Cell growth was measured using the cell proliferation reagent WST-8 (Roche Biochemicals, Mannheim, Germany). After plating cells in 96-well microtiter plates (Corning Costar, Corning, NY) at 1.0 × 103/well, 10 μL of CCK8 was added to each well at the time of harvest, according to the manufacturer’s instructions. One hour after adding CCK8, cellular viability was determined by measuring the absorbance of the converted dye at 450 nm.

Tumor formation in BALB/c nude mice

BALB/c athymic nude mice (male, 4–6-weeks old and 16–20 g) were purchased from Hubei Research Center of Laboratory Animal (Wuhan, China). All animal experiments were carried out in accordance with the Guide for the Care and Use of Laboratory Animals of Wuhan University. To establish CRC xenograft model, 5 × 105 HCT116 cells were suspended in 100 μL phosphate-buffered saline and inoculated subcutaneously into the flanks of nude mice. After 8 days, the transplanted nude mice were randomly divided into two groups (n = 6 each). miR-875-5p mimic (miR-875-5p) or miR mimic NC (NC) (RiboBio Co., Ltd, Guangzhou, China) was directly injected into the implanted tumor at the dose of 1 nmol (in 20 μL phosphate-buffered saline) per mouse every 4 days for seven times. The tumor size was monitored by measuring the length (L) and width (W) with calipers every 4 day, and the volumes were calculated using the formula: (L × W2)/2. Mice were killed by cervical dislocation in day 28, and the tumors were excised and snap-frozen for protein and RNA extraction.

Immunohistochemistry

Immunohistochemistry of the tumor tissues was performed as described previously [4448]. 3-μm tumor sections were incubated with commercial rabbit polyclonal antibodies against Ki67 (Affinity) at 1/100 dilution overnight at 4°C. Then, the sections were conjugated with horseradish peroxidase (HRP) antibody (1:500 dilution; Santa Cruz Biotechnology, Santa Cruz, CA) at room temperature for 2 h, then covered by DAB (Vector Laboratories, Burlingame, CA), and slides were mounted with Vectashield mounting medium (Vector Laboratories). Subsequently, all fields were observed under light microscopy (Olympus 600 auto-biochemical analyzer, Tokyo, Japan). Control experiments without primary antibody demonstrated that the signals observed were specific.

Flow cytometry

Apoptosis analysis

HCT116 and SW480 cells transfected with miR-875-5p mimic or negative control were trypsinized and resuspended in 1× binding buffer at 1 × 106 cells/mL. 100 μL of this cell suspension was incubated with 5 μL of FITC-Annexin V and 5 μL propridium iodide (PI) for 15 minutes in the dark. The reaction was terminated with the addition of 400 μL 1× binding buffer and analyzed with FACSCalibur using the CellQuest software (Becton Dickinson). FITC-Annexin V-positive and PI-negative cells were considered as apoptotic and the experiments were carried out in triplicates.

Cell-cycle analysis

Transfected cells were harvested forty-eight hours after transfection. The cells were fixed in 70% ethanol, washed once with PBS, and then labeled with propidium iodide (Sigma-Aldrich) in the presence of RNase A (Sigma-Aldrich) for 30 min in the dark (50 g/mL). Samples were run on a FACSalibur flow cytometer (Becton-Dickinson, FL, NJ, USA), and the percentages of cells within each phase of the cell cycle were analyzed using Cell Quest software.

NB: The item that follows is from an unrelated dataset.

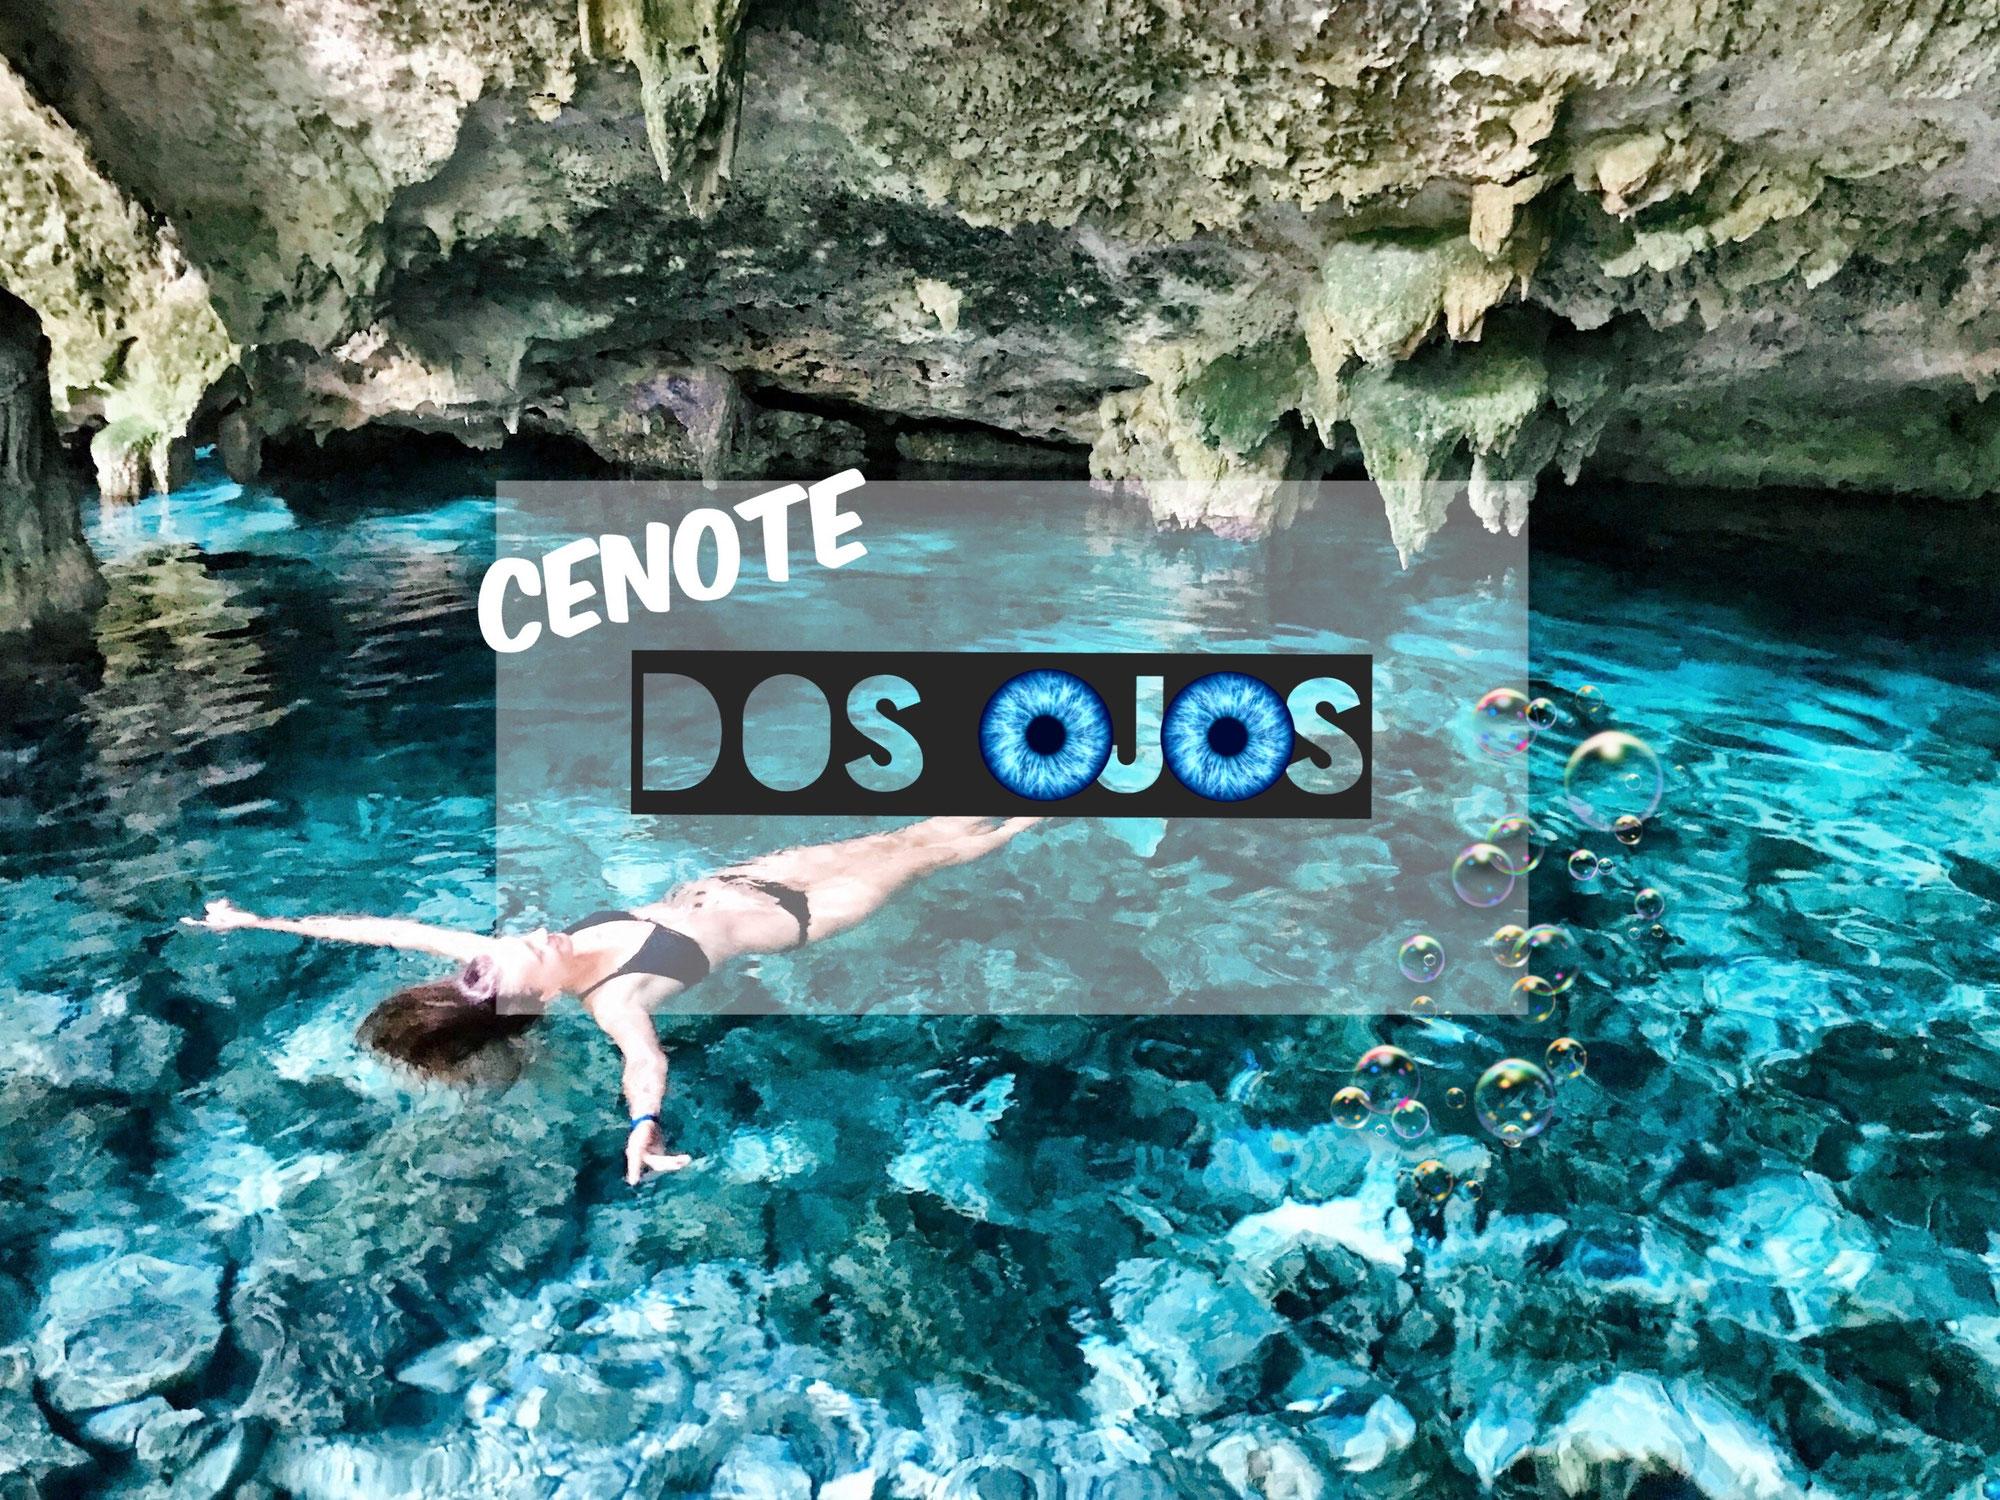 Cenote Dos Ojos- Tauchertraum und die größte, vielseitigste Cenote

Wound healing assay in vitro

The HCT116 and SW480 cells were seeded in 6-well plates and incubated for twenty-four hours. Then a linear wound was tehncreated by dragging a 100-μL pipette tip through the monolayer prior to transfection. Cellular debris was removed by gentle washes with culture medium, following which transfection was performed immediately, and the cells were allowed to migrate for a further forty-eight hours. The healing process was dynamically photographed after the wound was introduced using a microscope (Olympus 600 auto-biochemical analyzer, Tokyo, Japan). Migration distance was measured from images (5 fields) taken at each indicated time point. The gap size was analyzed using Image-Pro Plus 6.0 software. The residual gap between the migrating cells from the opposing wound edge was expressed as a percentage of the initial gap size.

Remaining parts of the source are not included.